Зато теперь можно было рассмотреть, что это такое.
Я опустил руку в дорожную сумку, где у меня был маленький бинокль, и только что стал наводить его на крышу, как кто-то серым рукавом закрыл мне "поле зрения".
У меня в Курске не могло быть знакомых, которые бы имели право допустить такую короткую фамильярность, но прежде чем я успел отнять от глаз бинокль, серая завеса уже снялась, и я увидал ворону, которая уносила в клюве обезглавленную пташку.
Послышался хохот, свист; в ворону с добычею, без вреда для них, полетели щепы и палки, и потом опять пошёл фонтаном взлет обезглавленных пташек.

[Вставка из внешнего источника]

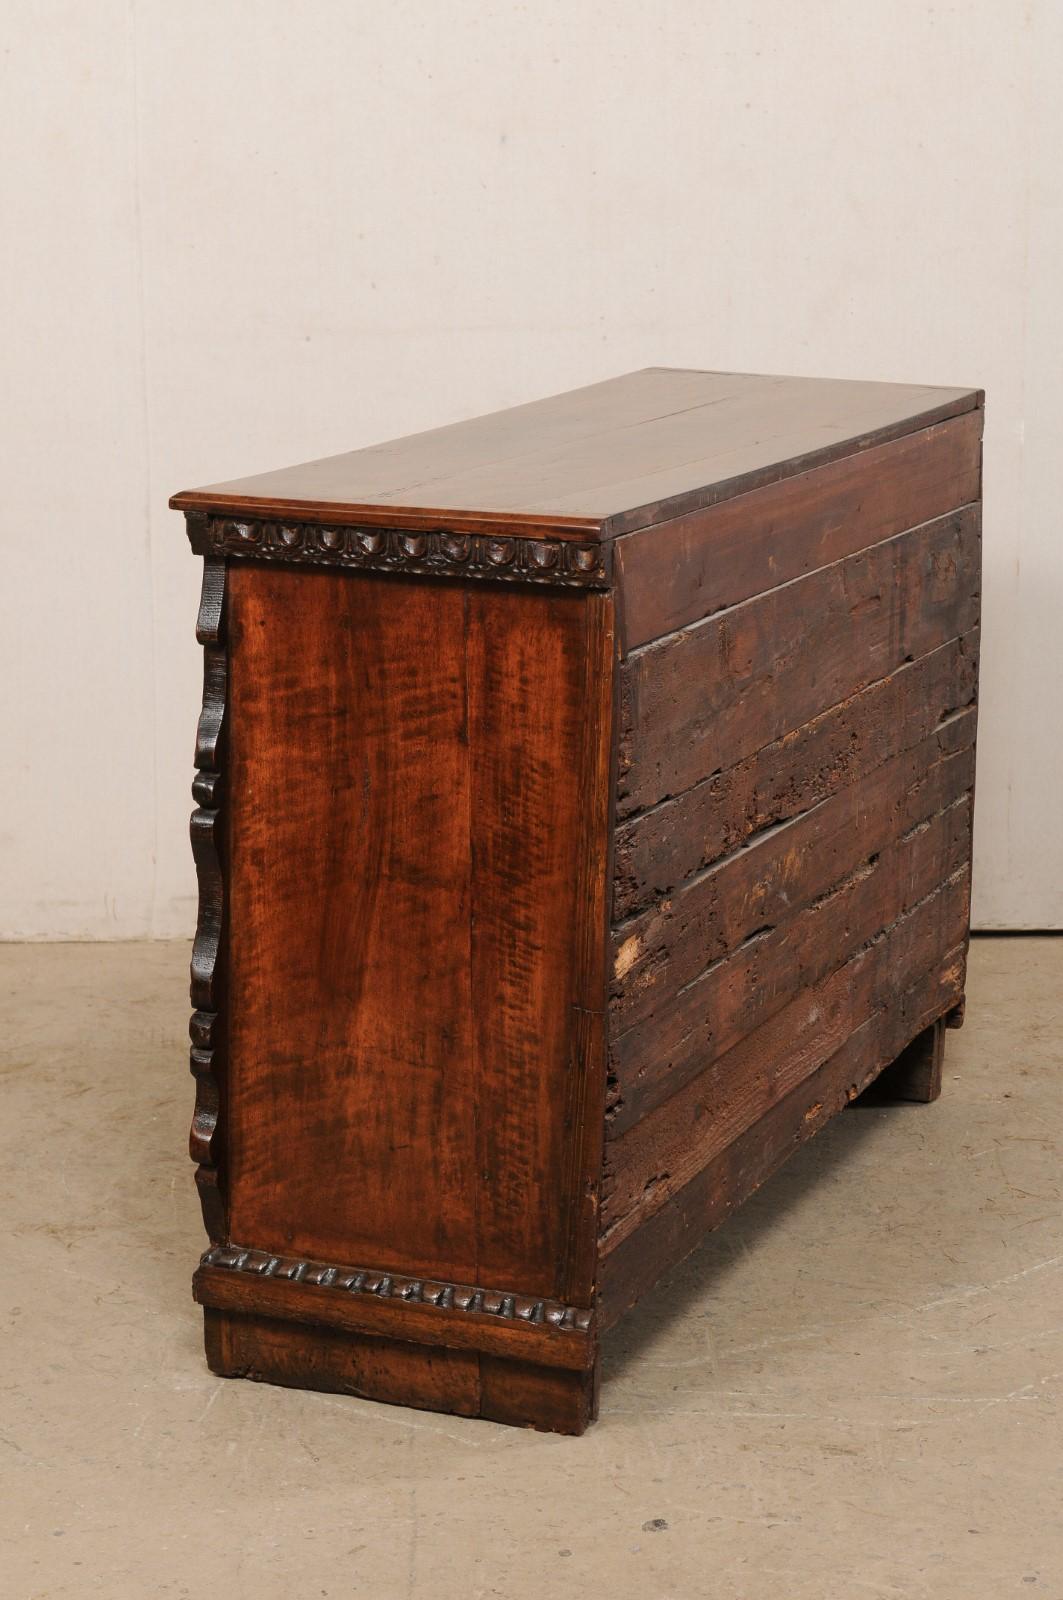 Early 18th C Italian Elaborately-Embellished Commode w/Putti Carved Drawer Pulls For Sale 7

Я захотел видеть источник этого необычайного явления, и оно объяснилось: тут же за углом стояла низкая крестьянская телега, запряженная заморенною лохматою лошадёнкою. Лошадь ела сенцо, которое было привязано к запрягу её оглобли; а на телеге стоял большой лубочный короб, по верху которого затянута нитяная сетка. Над коробом, окорячив его ногами, упертыми в тележные грядки, сидел рослый повар в белых панталонах, в белой куртке и в белом колпаке, а перед ним на земле стоял средних лет торговый крестьянин и держал в руках большое решето, в которое повар что-то сбрасывал, точно как будто орешки.
Прежде опустит руку в короб, потом вынет её точно чем-то обросшую, встряхнёт ею, и сей же момент всюду по воздуху полетят безголовые птички; а он сбросит в решето горсточку орешков. И все так далее.
Спросил, - что это делают?
– и получил короткое объяснение:
– Перепёлок рвут.
– Как, - говорю, - странно?
– Отчего странно?
– отвечает продавец, - это у нас завсегда так. Они теперь жирные; как заберёшь их в руку, между пальчиками по головешке, и встряхнешь, у них сейчас все шейки милым делом и оборвутся. Полетает без головки - из неё кровочка скапит, и скус тоньше. А по головёшкам, кои в решете сбросаны, считать очень способно. Сколько головёшек, за столько штук и плата.
"Ах, вы, - думаю, - "ведомые кмети"! С этаким ли способным народом не спрятать без следов монастырскую рощу!"
Но мне интереснее всего был сам продавец, ибо - коротко сказать - это был не кто иной, как оный давний отрок Гиезий. Он обородател и постарел, но вид имел очень болезненный.
ГЛАВА ТРИДЦАТЬ ЧЕТВЁРТАЯ
Как только я назвал себя, Гиезий узнал меня сразу и подал свою уваленную птичьим пухом руку. А между тем и перепелиная казнь была кончена; повар соскочил на землю и пошёл к бочке с водою мыть руки, а мы с старым знакомцем отправились пить чай. Сели уютненько, решето с птичьими головками под стол спрятали и разговорились.